PMC

Scanning electron micrographs and 3D illustrations of PS particles created for phagocytosis experiments. (A) Spheres. (B) Oblate ellipsoids (13%). (C) Prolate ellipsoids (7%). (D) Elliptical disks (9%). (E) Rectangular disks (5%). (F) UFOs (12%). Particles are monodispersed with average standard deviations of measured dimensions for each shape listed in parentheses. A portion of this variation is due to 2–5% standard deviation in the diameter of spheres used as starting materials. (Scale bars: 5 μm.)

Time-lapse video microscopy clips spanning 39 min of macrophages interacting with identical nonopsonized ED particles (major axis 14 μm, minor axis 3 μm) from two different orientations. (A) Cell attaches along the major axis of an ED and internalizes it completely in 3 min. (B) Cell attaches to the flat side of an identical ED and spreads but does not internalize the particle. Continued observation indicated that this particle was not internalized for >110 min. (Scale bars: 10 μm.) (See Movies 1 and 2.) At least three cells were observed for each orientation of each particle type and size. Similar results were observed in all repetitions.

Phagocytosis phase diagram with Ω and dimensionless particle volume V* (particle volume divided by 7.5 μm radius spherical cell volume) as governing parameters (n = 5 for each point). Initialization of internalization is judged by the presence of an actin cup or ring as described in the text. There are three regions. Cells attaching to particles at areas of high Ω, >45°, spread but do not initiate internalization (region C). Cells attaching to particles at areas of low Ω, <45°, initiate internalization (regions A and B). If V* is ≤1, internalization is completed (region A). If V* > 1, internalization is not completed because of the size of the particle (region B). The arrows above the plot indicate the point of attachment for each shape that corresponds to the value of Ω on the x axis. Each case was classified as phagocytosis or no phagocytosis if >95% of observations were consistent. Each data point represents a different shape, size, or aspect ratio particle.

Scanning electron micrographs and actin staining confirm time-lapse video microscopy observations. Micrographs (A–C) of cells and particles were colored brown and purple, respectively. (A) The cell body can be seen at the end of an opsonized ED, and the membrane has progressed down the length of the particle. (Scale bar: 10 μm.) (B) A cell has attached to the flat side of an opsonized ED and has spread on the particle. (Scale bar: 5 μm.) (C) An opsonized spherical particle has attached to the top of a cell, and the membrane has progressed over approximately half the particle. (Scale bar: 5 μm.) (D–F) Overlays of bright-field and fluorescent images after fixing the cells and staining for polymerized actin with rhodamine phalloidin. (D) Actin ring forms as remodeling and depolymerization enable membrane to progress over an opsonized ED by new actin polymerization at the leading edge of the membrane. (E) Actin polymerization in the cell at site of attachment to flat side of an opsonized ED, but no actin cup or ring is visible. (F) Actin cup surrounds the end of an opsonized sphere as internalization begins after attachment. (Scale bars in D–F: 10 μm.) At least five cells were observed for each orientation of each particle. Similar results were observed in all repetitions.

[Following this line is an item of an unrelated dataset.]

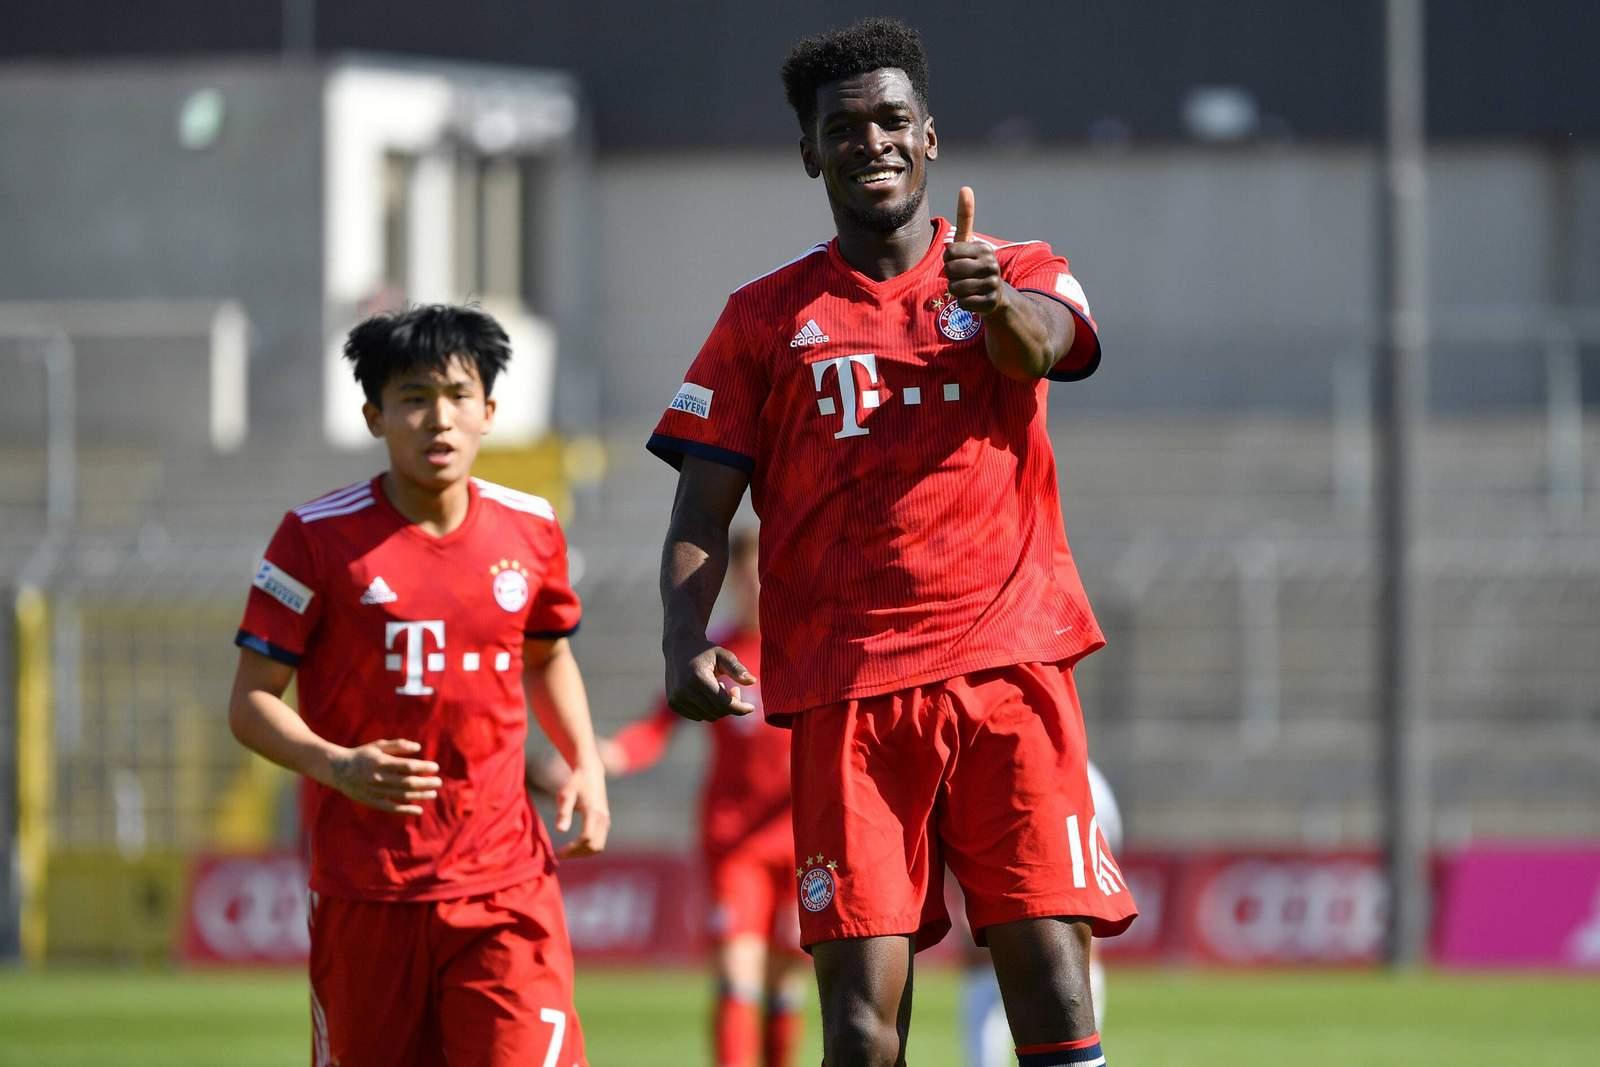 Otschie Wriedt von der Bayern U23

Definition of Ω and its relationship with membrane velocity. (A) A schematic diagram illustrating how membrane progresses tangentially around an ED. T̄ represents the average of tangential angles from θ = 0 to θ = π/2. Ω is the angle between T̄ and membrane normal at the site of attachment, N̄. (B) Membrane velocity (distance traveled by the membrane divided by time to internalize, n ≥ 3; error bars represent SD) decreases with increasing Ω for a variety of shapes and sizes of particles. Nonopsonized particles are indicated by filled circles, and IgG-opsonized particles are indicated by open squares. Each data point represents a different shape, size, or aspect ratio particle. The internalization velocity is positive for Ω ≤ 45° (P < 0.001). Above a critical value of Ω, ≈45°, the internalization velocity is zero (P < 0.001) and there is only membrane spreading after particle attachment, not internalization. The arrows above the plot indicate the point of attachment for each shape that corresponds to the value of Ω on the x axis. Error in Ω is due to the difference in the actual point of contact in time-lapse microscopy from that used to calculate Ω. Only points of contact within 10° of that used to calculate Ω were selected. All data points at the critical point, Ω = 45°, except UFOs, do not have error associated with Ω because of their symmetry.